[Dataset content]

○ ○ ○

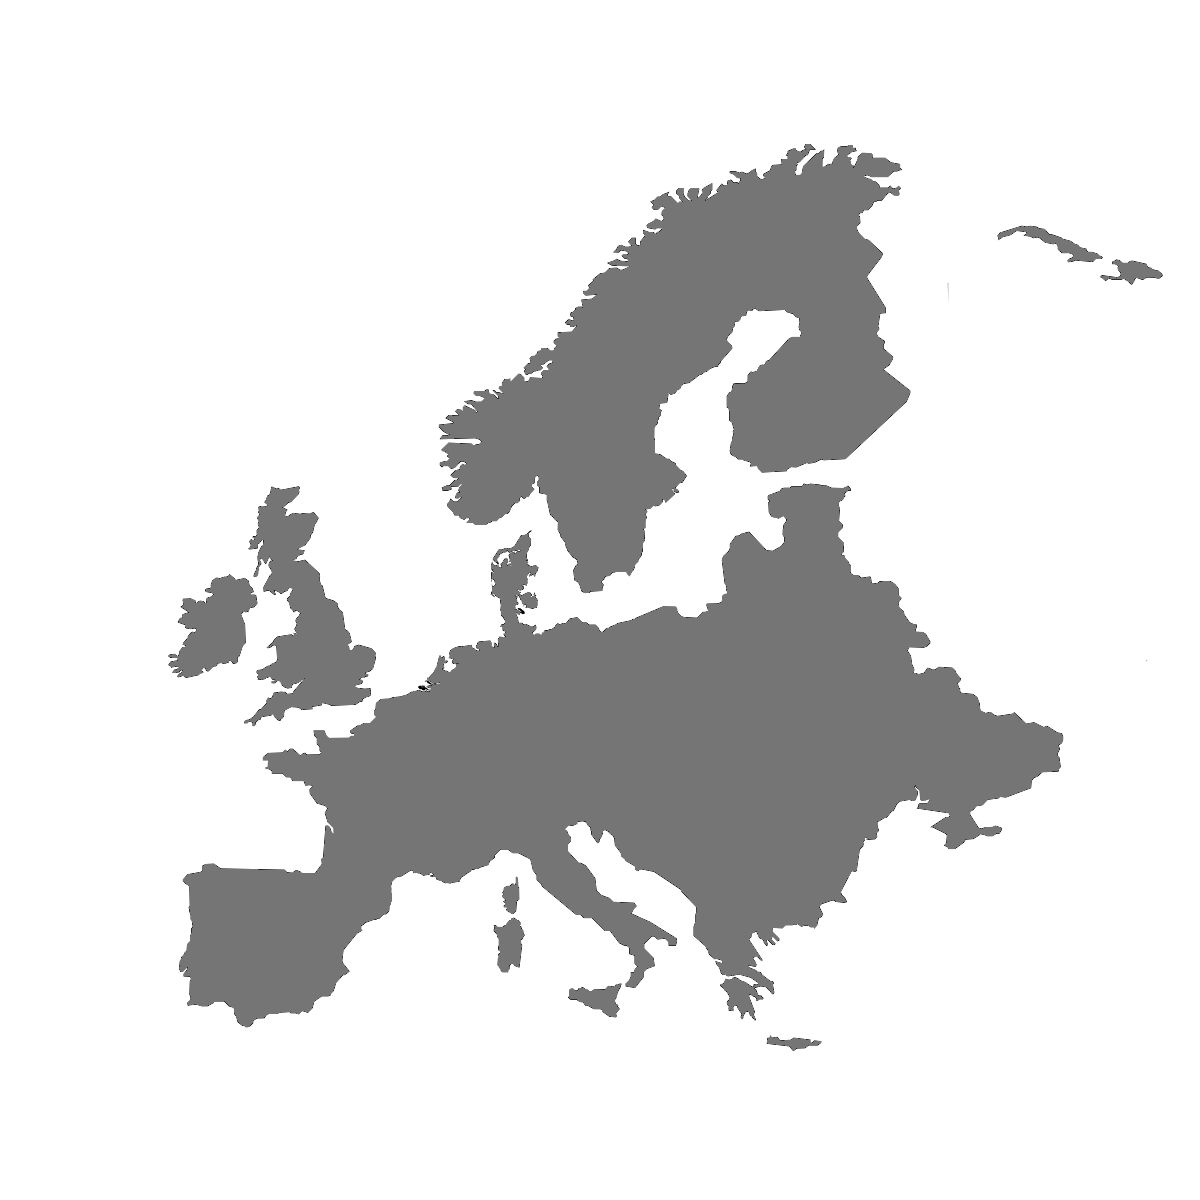 europe clipart transparent
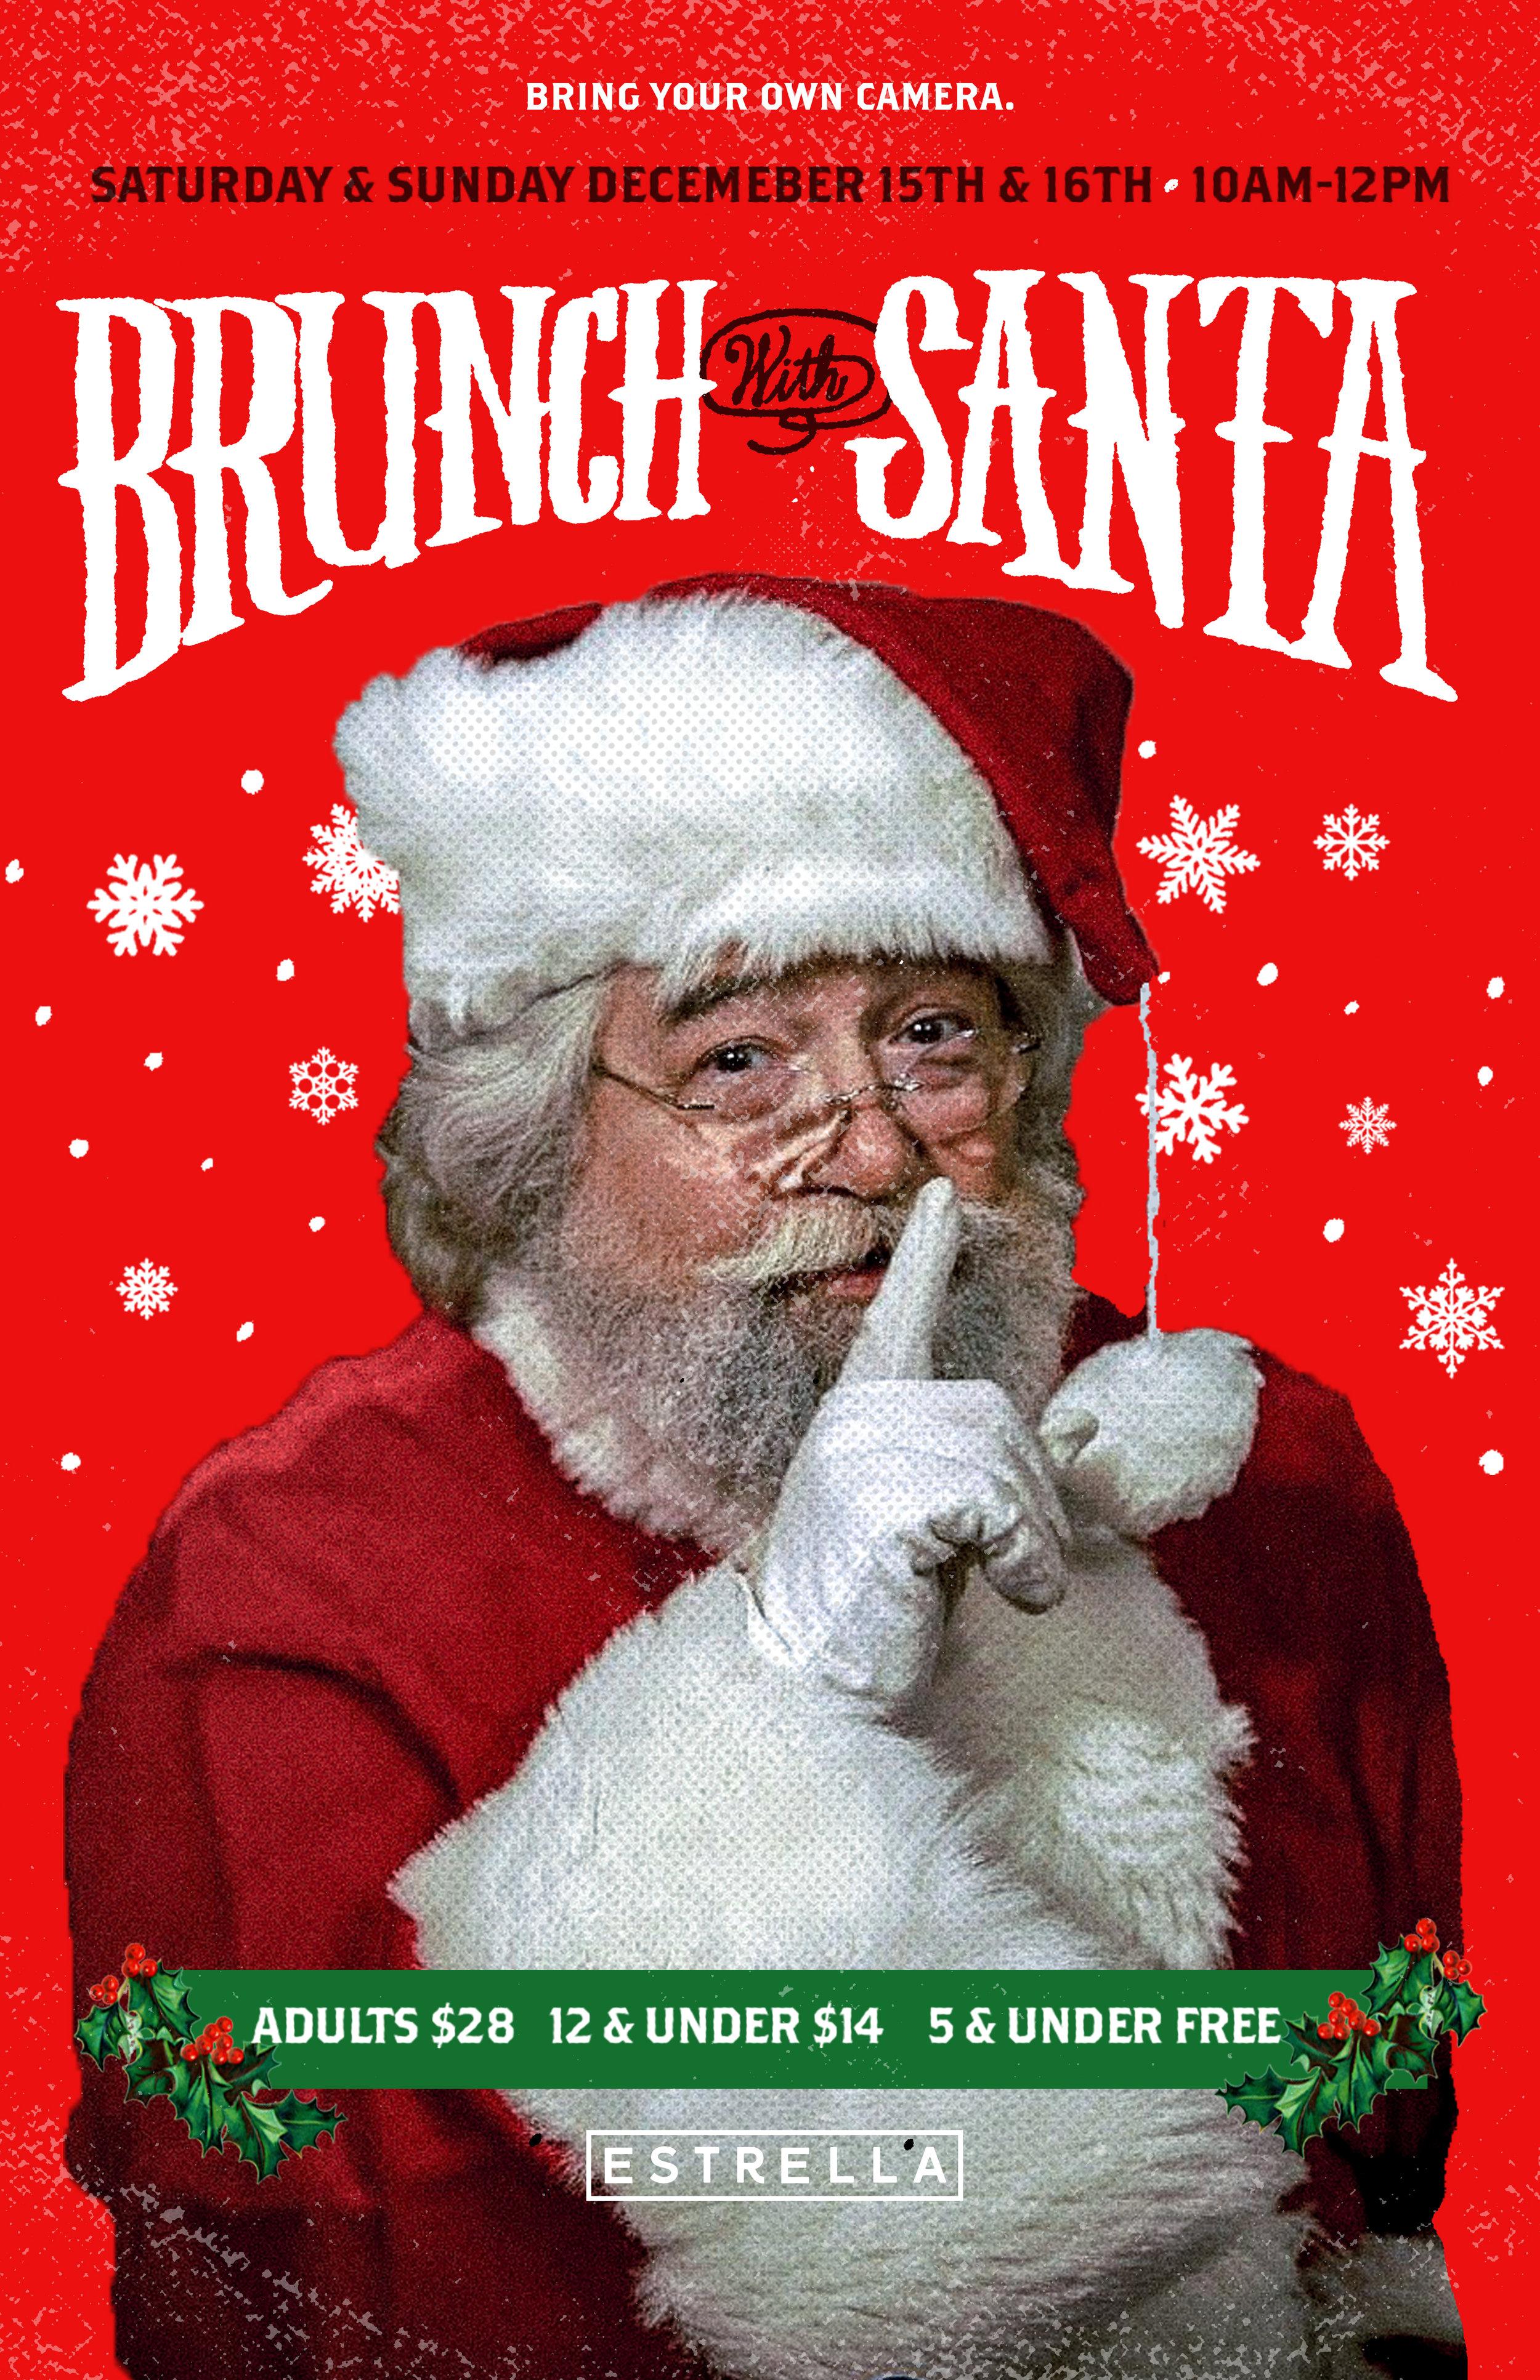 Santa3_poster.jpg
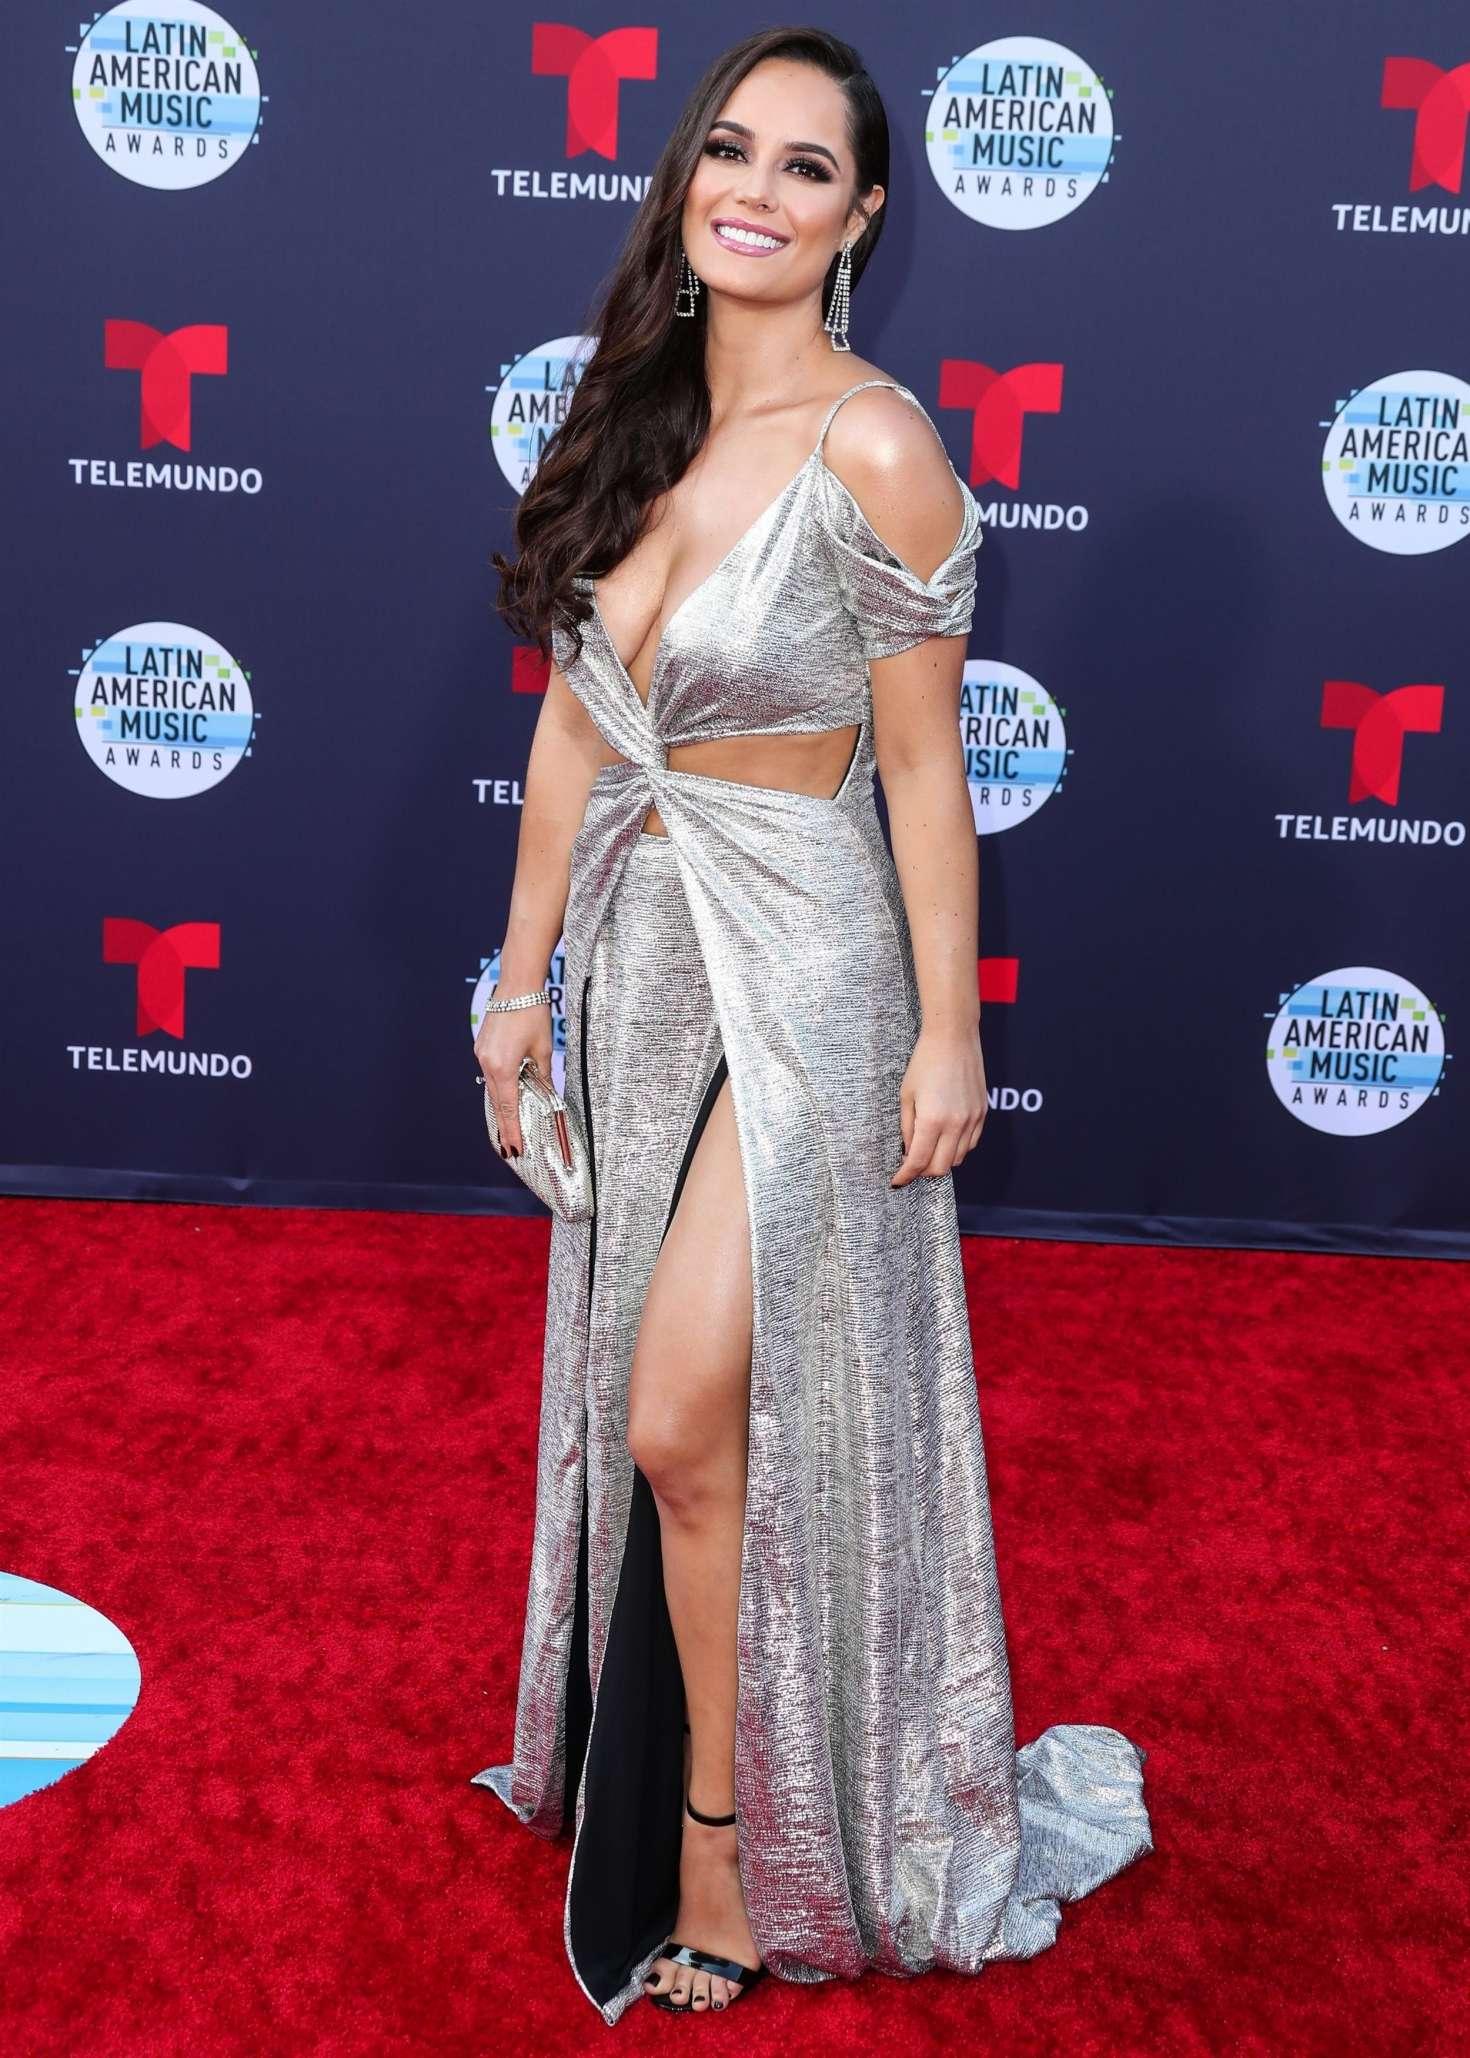 Ana Lucia Dominguez 2018 : Ana Lucia Dominguez: 2018 Latin American Music Awards -08

○ ○ ○

[Required work] Restate every line of the listing exactly. Pictures are not part of the copy.

[Result for this exercise]
 europe clipart transparent
 Santa3_poster.jpg
 Ana Lucia Dominguez 2018 : Ana Lucia Dominguez: 2018 Latin American Music Awards -08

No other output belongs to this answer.